For NaPoWriMo 2021, Day 6, the prompt is: Go to a book you love. Find a short line that strikes you. Make that line the title of your poem. Write a poem inspired by the line. Then, after you’ve finished, change the title completely.
The line I chose was “Not all those who wander are lost.” from —The Lord of the Rings by J.R.R. Tolkein. This is the poem that resulted. The quote in the last line of the poem is from the title character in Hamlet, by Wm. Shakespeare.
Inside My Sister’s Mind
In my life, sometimes,
when I was farthest from knowing where I was,
I was the closest to finding myself.
Is this how it is
for those who wander
the countless corridors of dementia?
Do they encounter themselves,
again and again,
unstuck from time?
Do our constant attempts to bring them back
hamper their journeys,
start them over again,
frustratingly?
Every road we travel
need not be the same road—straight and chronological.
Dreams teach us that.
Unstick us.
Put our minds in the clouds to float
hors d’oeuvres of memory,
a bite here
and a bite there.
Who are we to try to attempt to force feed an entire meal?
Perhaps dementia is a diet, of sorts, for the mind.

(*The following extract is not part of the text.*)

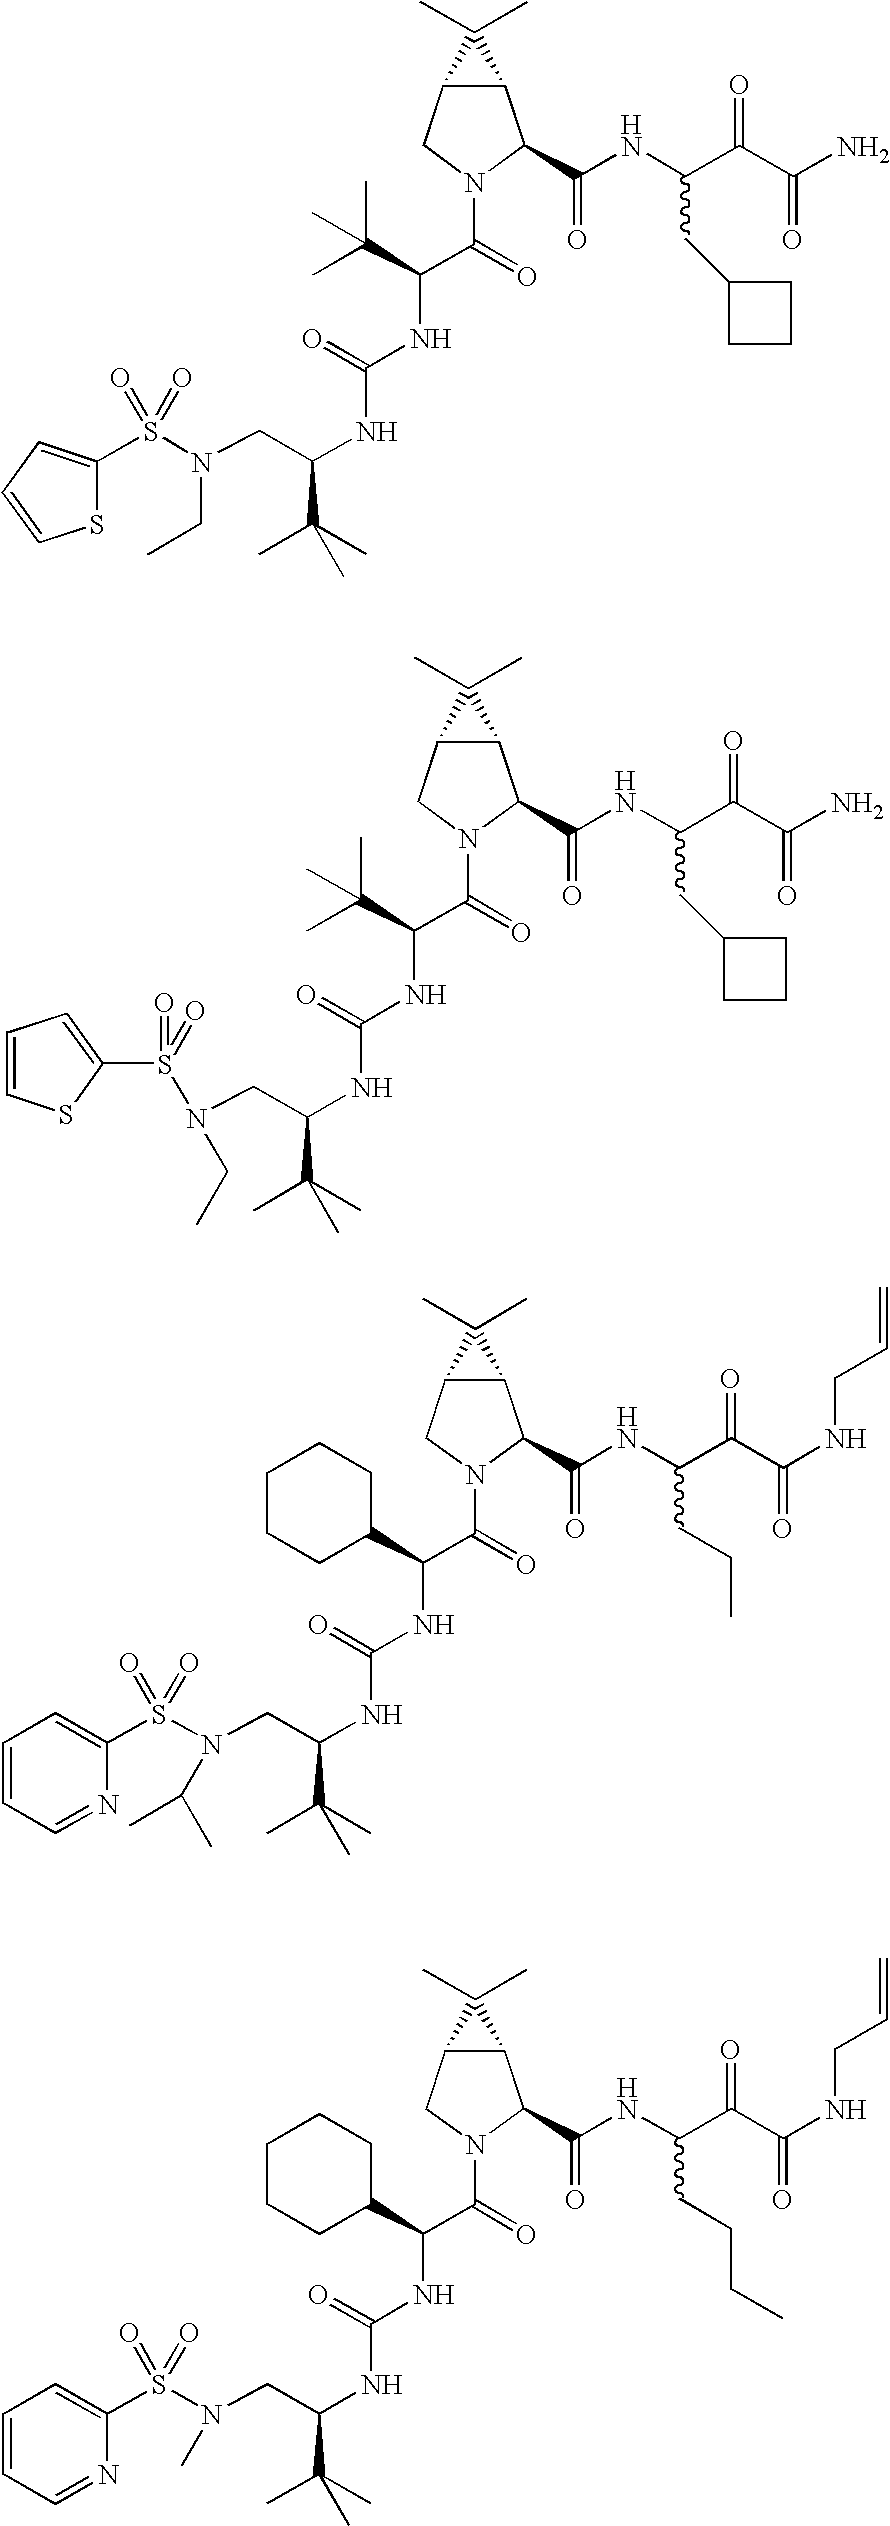 Figure US20060287248A1-20061221-C00349

Selecting the most delectable,
forsaking the usual progression.
For our whole lives, we stuff ourselves
in a predictable manner,
from soup to crème brûlée.
Perhaps those lost to us are only lost to us,
but not themselves.
Perhaps their minds, led by a different palate,
enjoy a picnic of pick-and-choose,
spread out over a meadow
on a blanket that obscures
memory
to allow them to enjoy
each morsel
unclogged
by the memory of the last.
“There are more things in heaven and Earth, Horatio,
Than are dreamt of in your philosophy.”